SLAM just refers to the broader field. You can say autonomous driving is an application of SLAM, so Tesla and other manufacturers are already doing SLAM. Other applications include robot hoovers/mowers, drones, AR, robotics, etc.
SLAM in general is using all kinds of sensors - radar, sonar, lidar, USS, laser rangefinding, cameras... What Tesla is doing with Vision could be said to come under Visual SLAM (VSLAM) that uses only cameras. Note VSLAM is pursued for cheapness, not because it is in any way better or easier than SLAM with other/multiple sensor types. And even within VSLAM people are playing with stereo cameras and RGB-D cameras (cameras that also sense depth based on time-of-flight measurement) where Tesla are not.
So again it all boils down to can Tesla really get all this working with only simple cameras? No active sensing that gives range data - like lidar, radar, RGB-D, USS, etc. Just trying to figure it all out from 2D camera frames. I'll believe it when I see it! Just seems to me they are avoiding one problem (sensor fusion) by giving themselves an even bigger problem (autonomous driving with only cameras)!
Cameras don't have memory either! It's all in the implementation.
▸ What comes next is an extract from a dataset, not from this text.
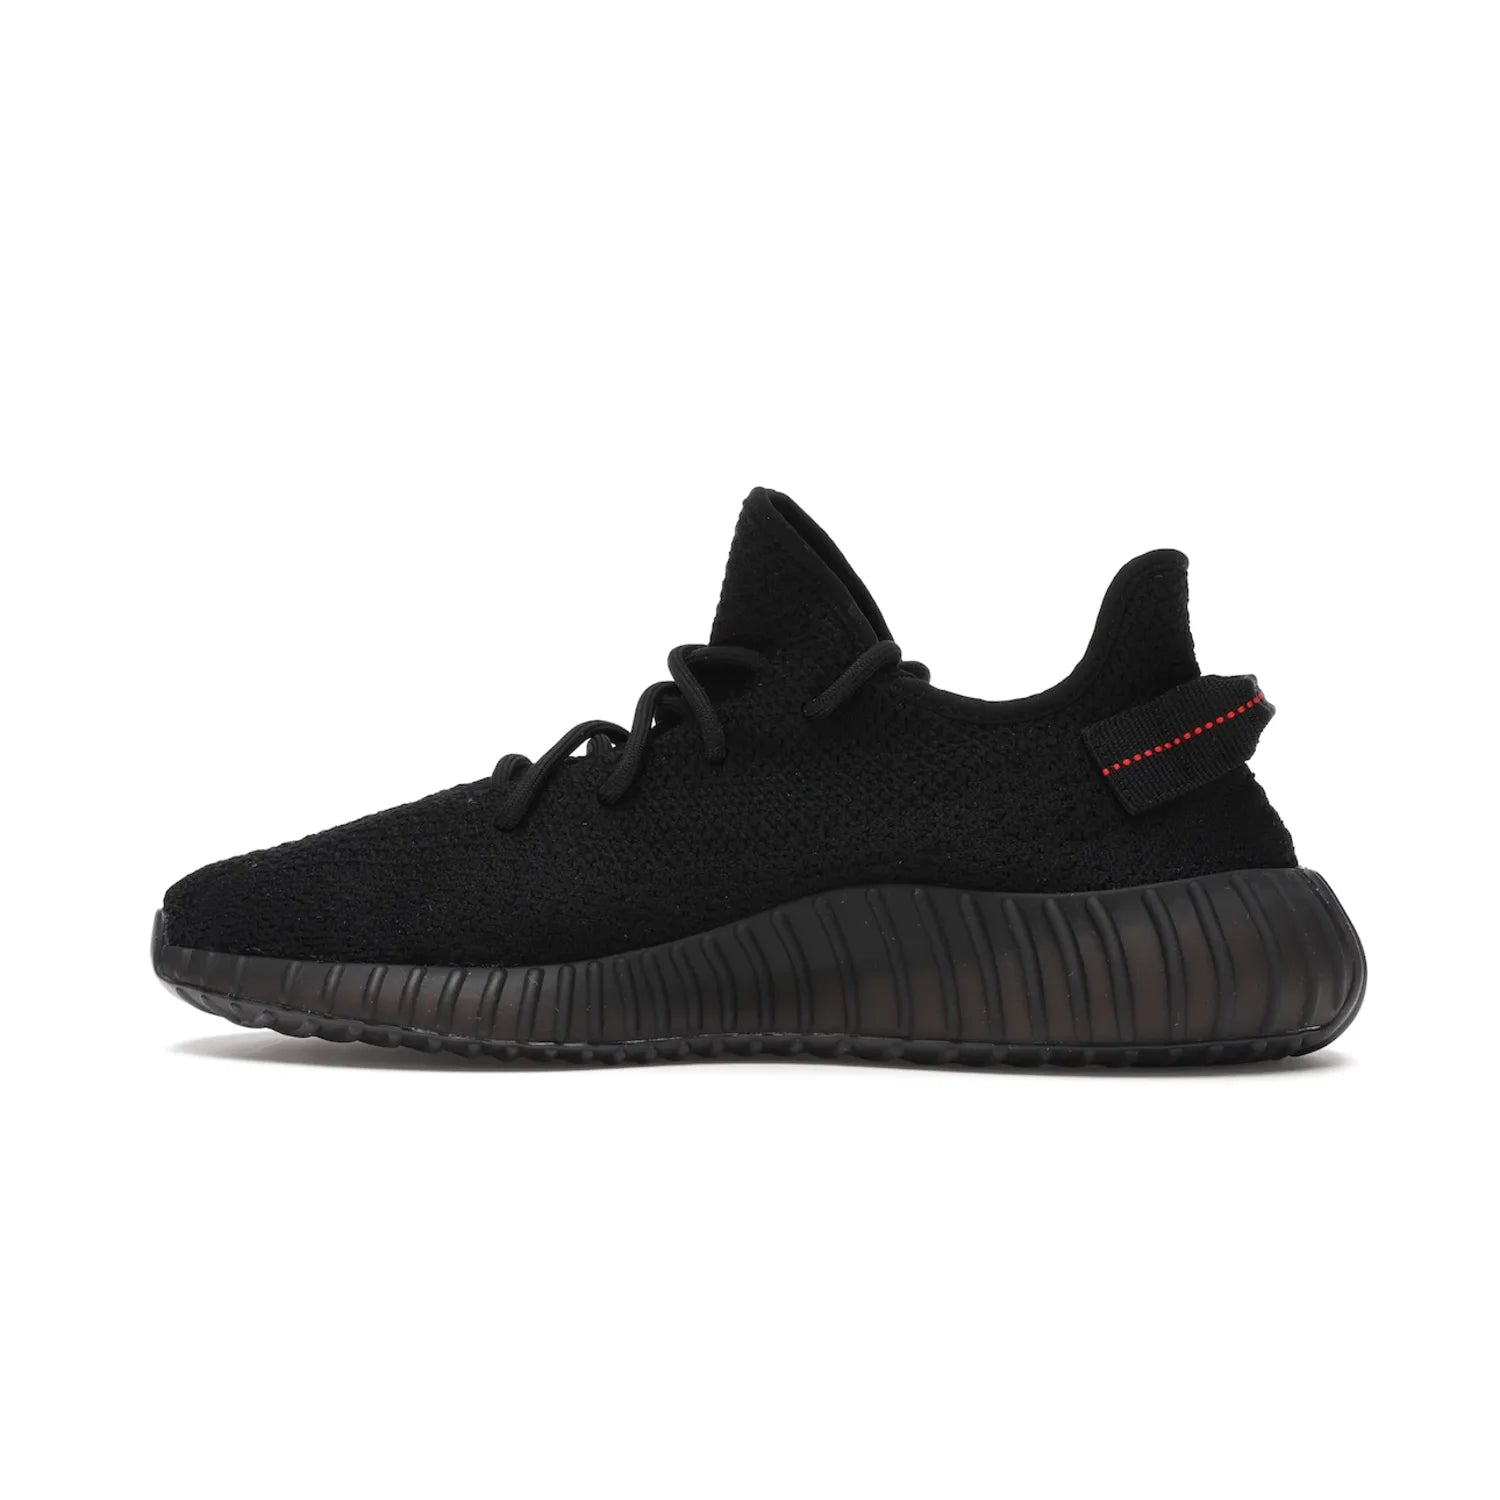 adidas Yeezy Boost 350 V2 Black Red (2017/2020) - Image 20 - Only at www.BallersClubKickz.com - Adidas Yeezy Boost 350 V2 Black Red: a classic colorway featuring black Primeknit upper, BOOST cushioning system, and iconic "SPLY-350" text. Released in 2017 for a retail price of $220.

All this talk of persistency and the occupancy network is not exclusive to Tesla Vision - it can just as easily, and arguably much more precisely, be done with other sensory inputs. So I don't see it as some slamdunk justification for ditching the USS and going Vision only, nor anything to be super optimistic about. You could make a persistent occupancy network from USS data if you really wanted to - reality is the basic parking functions never needed it as they simply put appropriate sensors in the appropriate positions for the task!